Из каморки Васька вышел последним. На Лешку косился. И стало даже как-то смешно: ведь фанеры кусок, три краски наляпал – а живет, и даже условия какие-то ставит. Так не смотри! Руками не трогай! Да кто тут кого, в конце концов,
создал?
В клубе было темно, только на сцене горела лампа и красный светильник над входом. Васька плотно задвинул занавес.
– Кабинет в "Гранд Отеле", – сказал он. Потом подошел к пожарной бочке с песком, что стояла в углу за кулисой. – Фокусы показывать буду. – Разгреб песок и вытащил "Рислинг" с "Шампанским".
Парни захлопали.
А Васька еще покопался...
– Эта – борькина. Спрячь, – сказал Генка. – Пусть хозяина подождет.
– Ой-ли дождется?
– Спрячь, – поддержал Лешка.
Васька перекинул четвертинку из ладони в ладонь:
– Такой товар будет киснуть! – но все же зарыл.
– А девочек сделаешь? – спросил Майкл.
– Можно и девочек, – Васька пощелкал пальцами, но по-том скорчил мину, дескать, волшебство все рассеялось. – Факир был трезв – и фокус не удался.
– Тогда за тобой, когда накеряешься.
Загремели табуретками, стали садиться.
– А горилка уж тут как тут, – Васька нагнулся и вытащил из-под трибуны графин для докладчиков.
– Сначала "Шампанское", – сказал Майкл. – Бокалов вот только не вижу.

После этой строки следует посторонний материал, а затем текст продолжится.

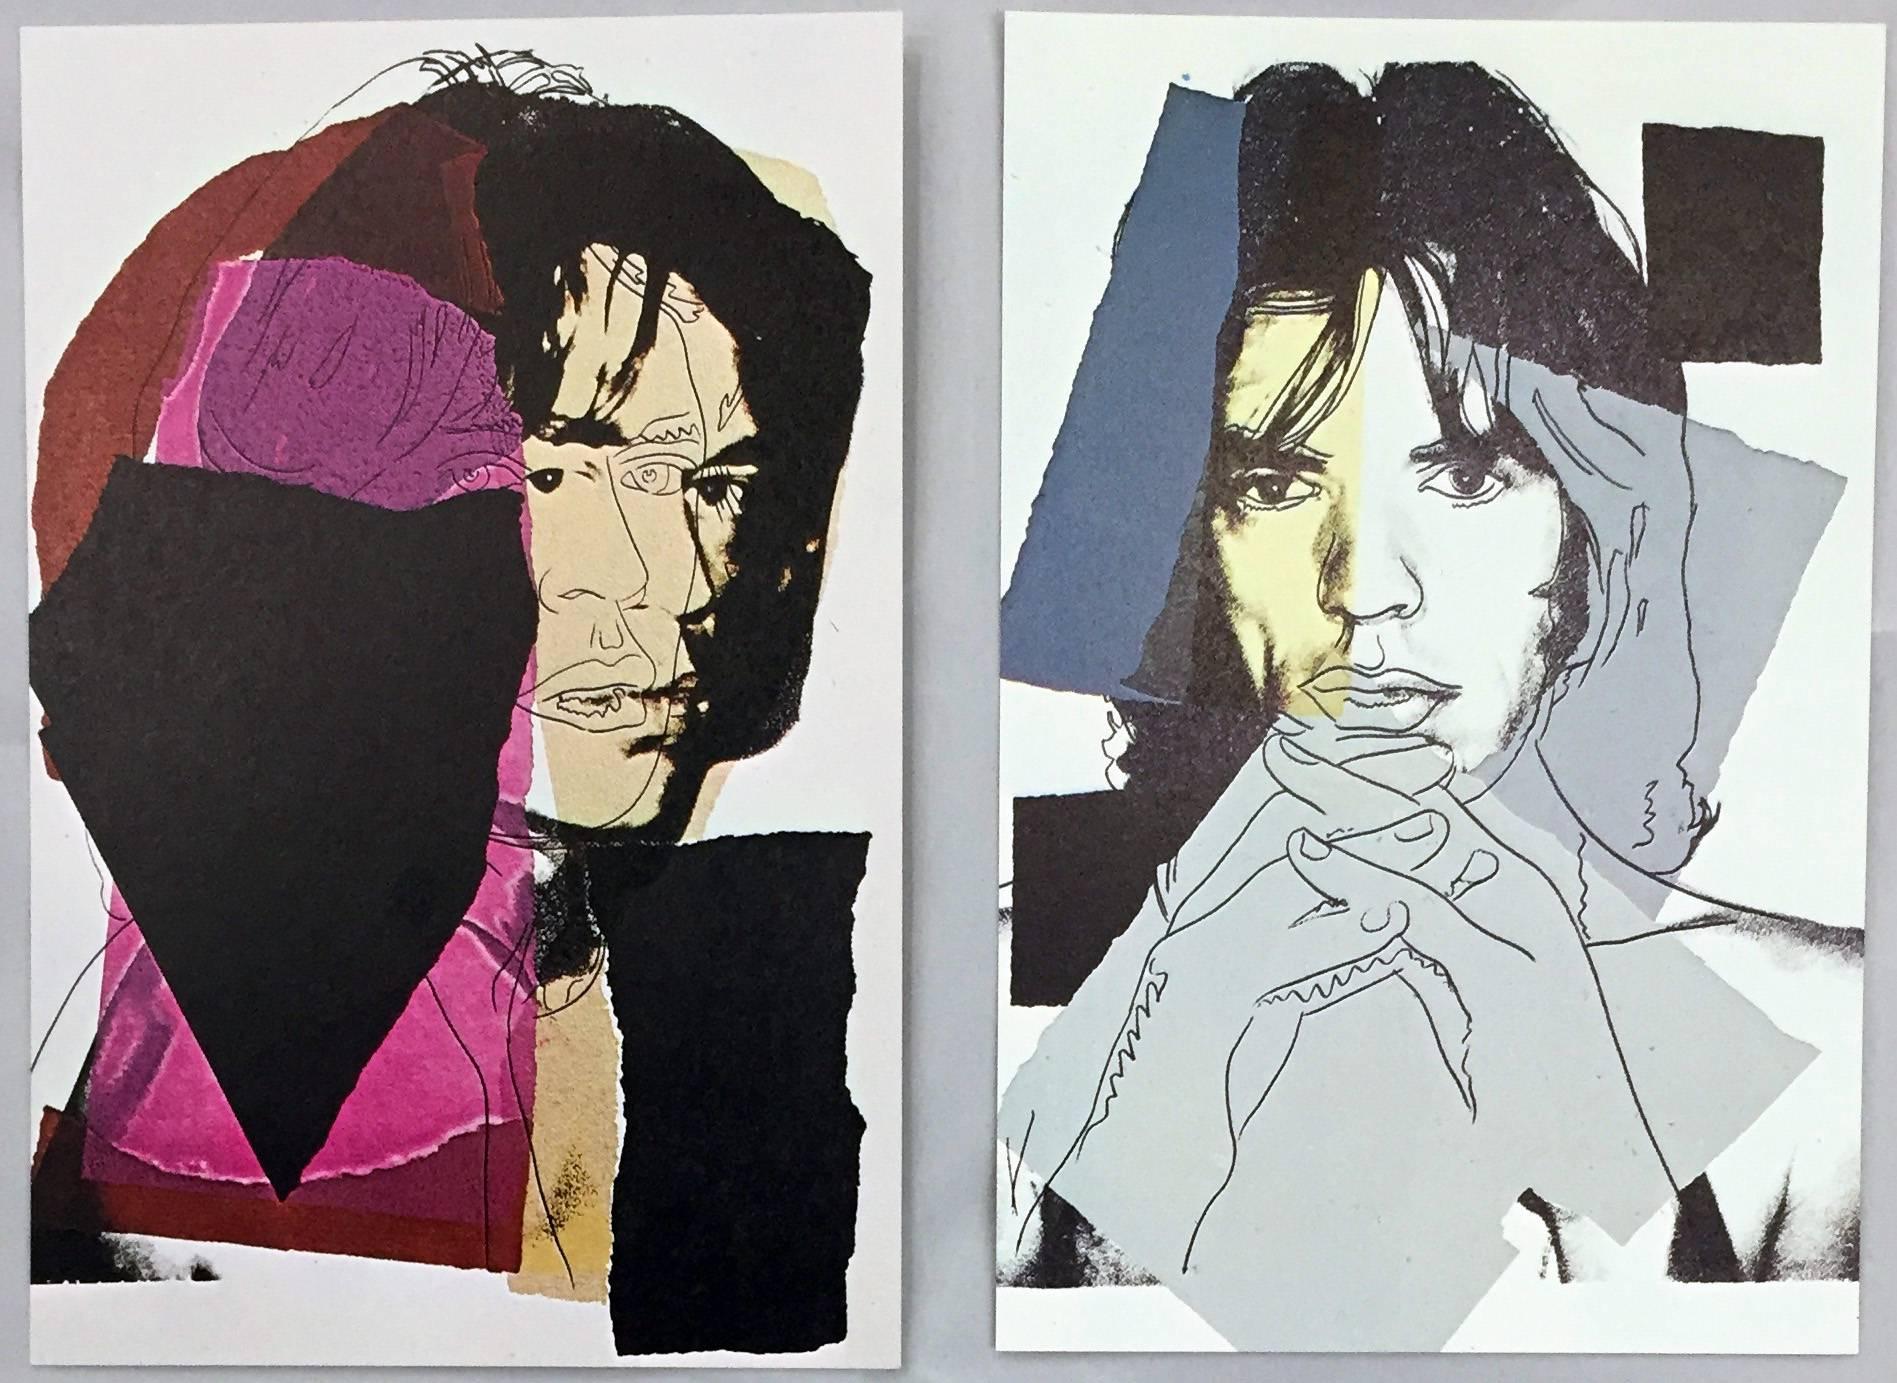 Andy Warhol, Mick Jagger, Leo Castelli 1975:
A stunning set of ten announcement cards published by Castelli Graphics in 1975 to advertise the forthcoming portfolio of ten silkscreen prints by Andy Warhol of Mick Jagger, 1975. The very first

– Бакара! – сдвинул кружки Васька.
Грохнула пробка, полетели белые хлопья.
– Надо было в снег положить.
– Тогда бы не стрельнула.
– Только сразу хочу ознакомить с Уставом нашего заведения, – поднял кружку Васька. – В нашем "Гранд Отеле" имеется пожарная дверь, на случай полундры. Так она не закрыта. Замок для виду болтается. А пломбу, ежели что, я утром другую навешу. Потому, уважаемые гости, при слове "атас" дружно, без паники, туда нс.с пропаливаем.
– И куда ж попадем?
– Прямо к девочкам, на "Бабью слободку".
– А в часть как вернемся?
– Через забор перелезешь.
– Кто-то и перелезет.
– Там дыра есть, – сказал Васька. – Метров двадцать за клубом. Чуть поднажмешь – и досточка отступает.
– А с Мешковым-то говорил?
– Еще как! С полной флягой ушел. Но неспокойно нынче в Датском королевстве. Да и вообще, будьте бдительны!
– Вещь! – утер губы Генка. – Тысячу лет "Шампанского" не пил.
– А говорили – не надо.
– И за что же мы пьем? – растягивал удовольствие Майкл. – Не за этот же праздник?
– Нет, – сказал Генка. – За праздники вообще пить глупо. Потому что они не повод, а следствие. У Кортасара, кажется, было: "Любой юбилей – это врата, распахнутые для человеческой глупости". А поскольку глупость на Руси есть питие, то вот, значит, и додурачились.
– Предлагаю, без философии, – перебил Васька. – А то анекдот пропадает. Адам рассказал.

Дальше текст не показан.